GIVEN DATA —

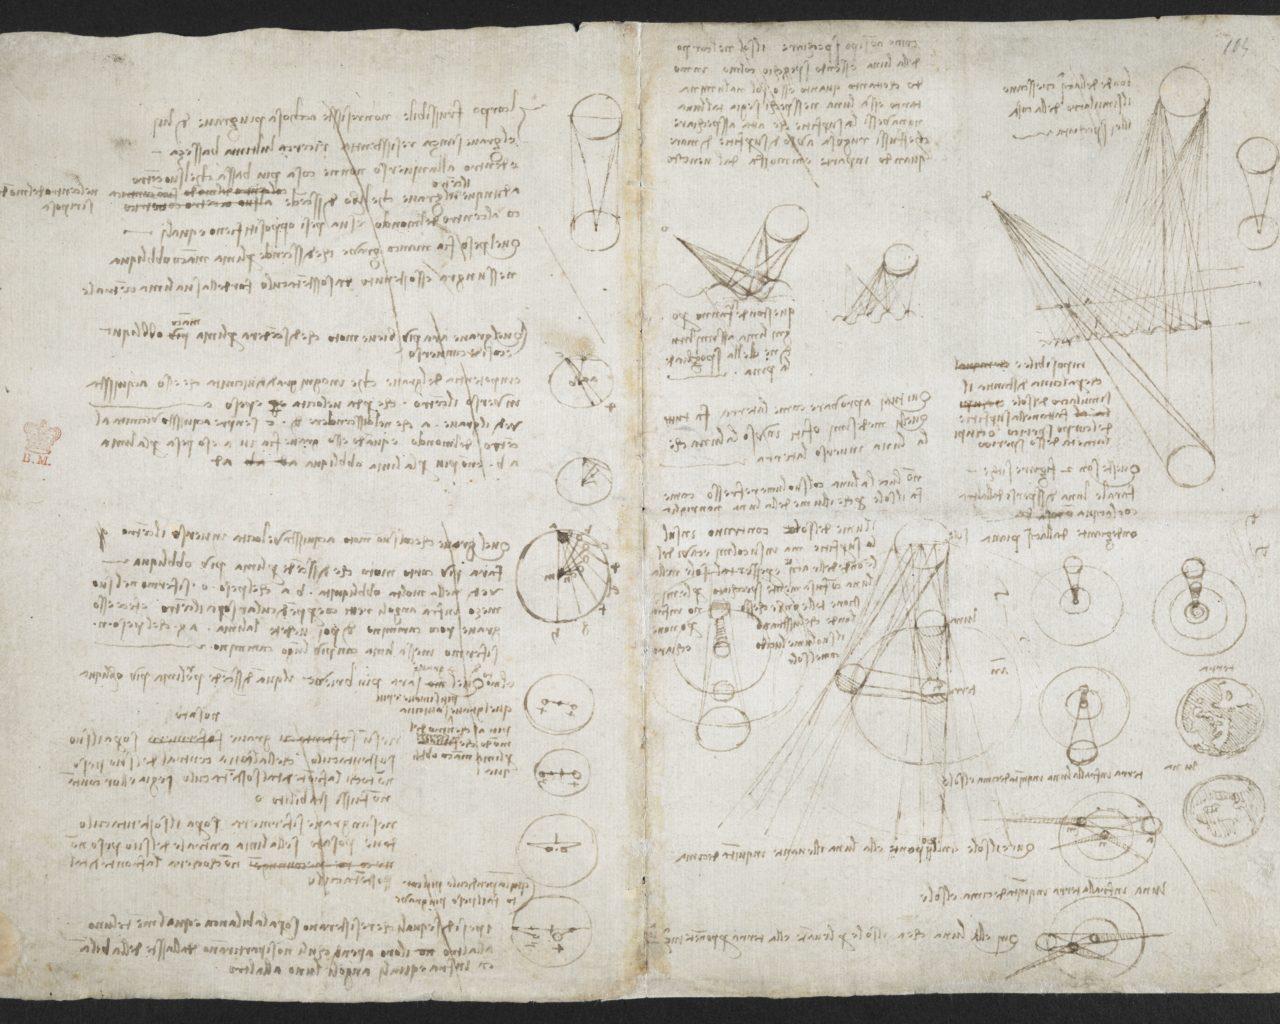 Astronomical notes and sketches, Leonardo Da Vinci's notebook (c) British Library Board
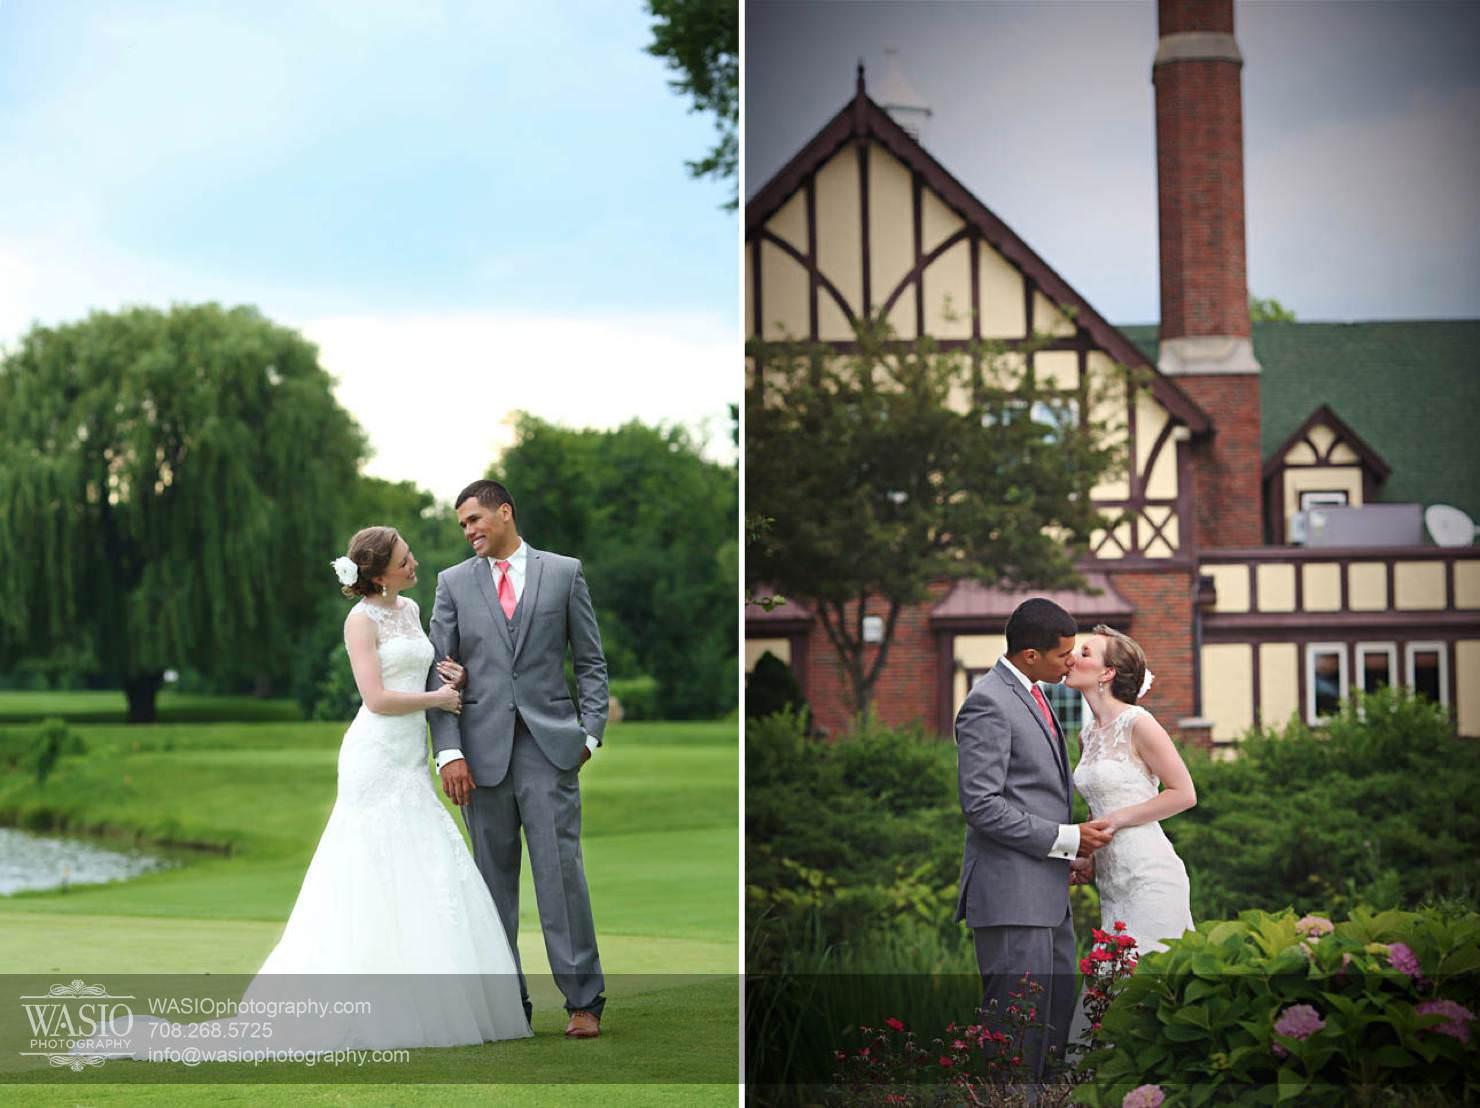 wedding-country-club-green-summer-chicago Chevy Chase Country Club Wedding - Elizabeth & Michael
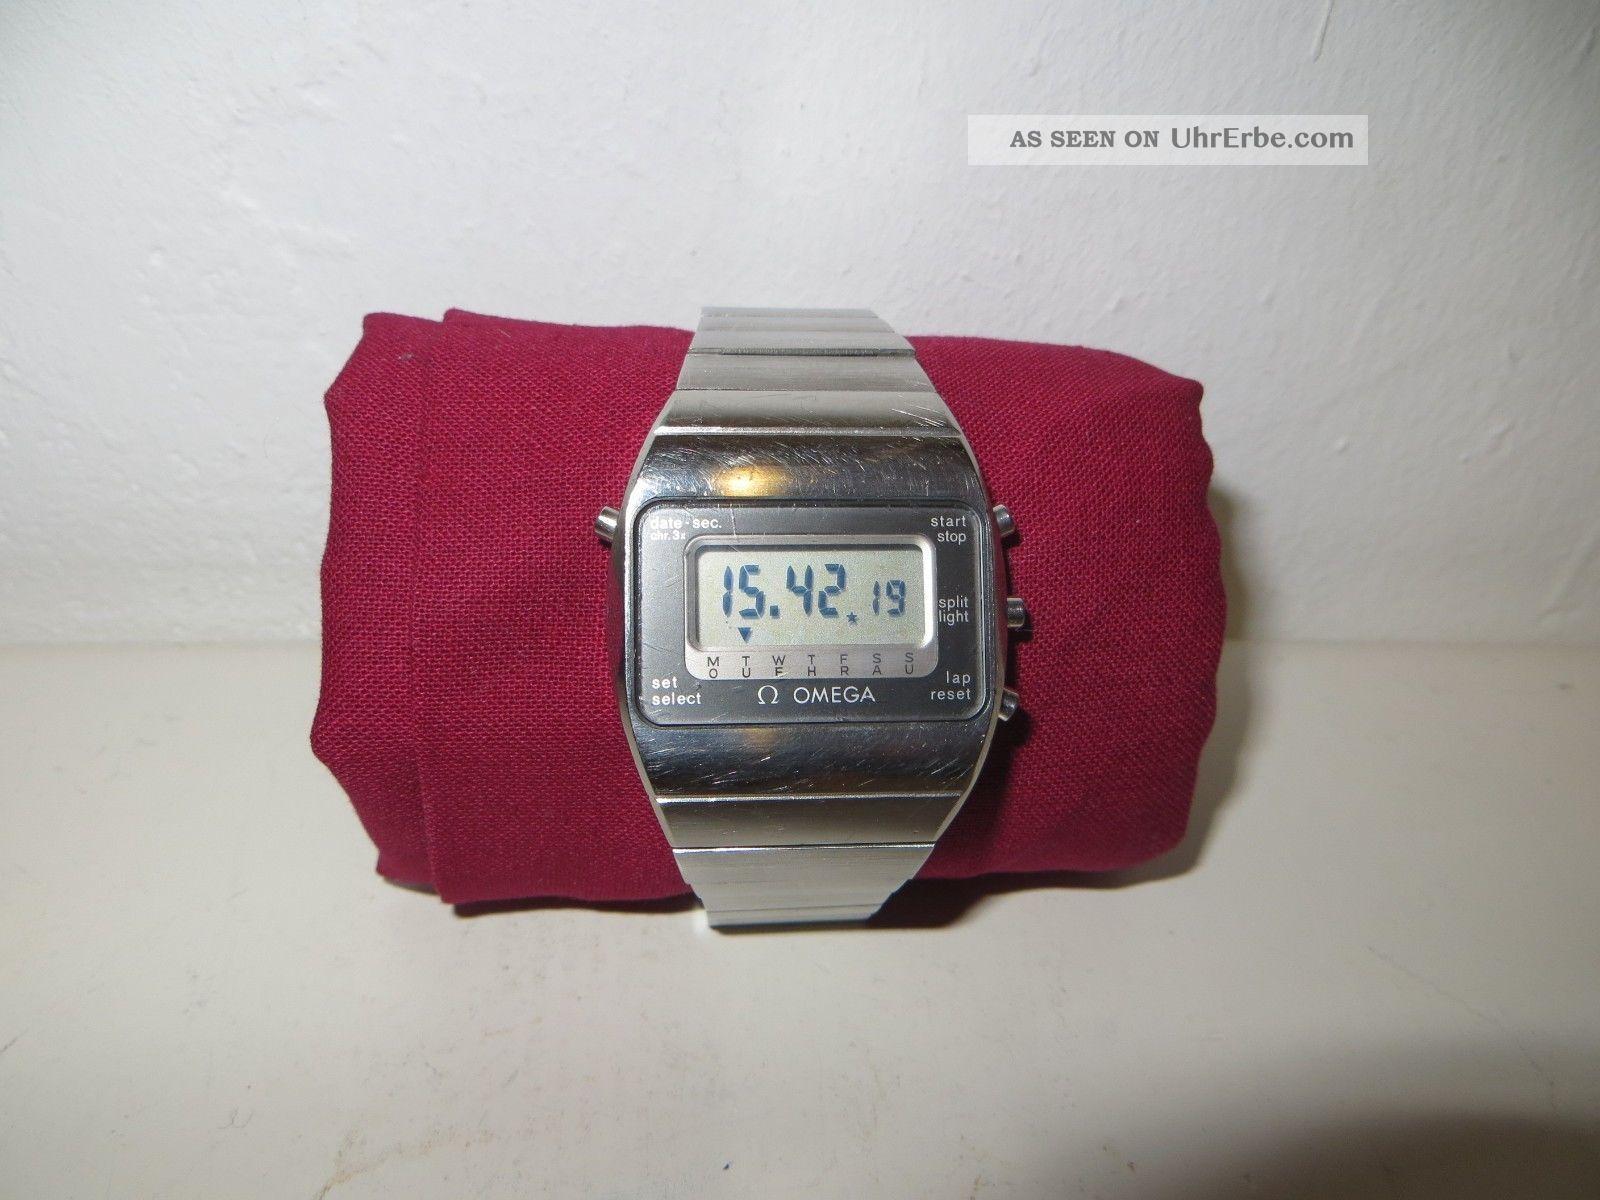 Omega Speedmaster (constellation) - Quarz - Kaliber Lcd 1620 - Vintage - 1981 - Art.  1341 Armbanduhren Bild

WHAT TO PRODUCE —
All of the listing above has to be reproduced exactly, though without its images.

EXERCISE RESULT —
 Astronomical notes and sketches, Leonardo Da Vinci's notebook (c) British Library Board
 wedding-country-club-green-summer-chicago Chevy Chase Country Club Wedding - Elizabeth & Michael
 Omega Speedmaster (constellation) - Quarz - Kaliber Lcd 1620 - Vintage - 1981 - Art.  1341 Armbanduhren Bild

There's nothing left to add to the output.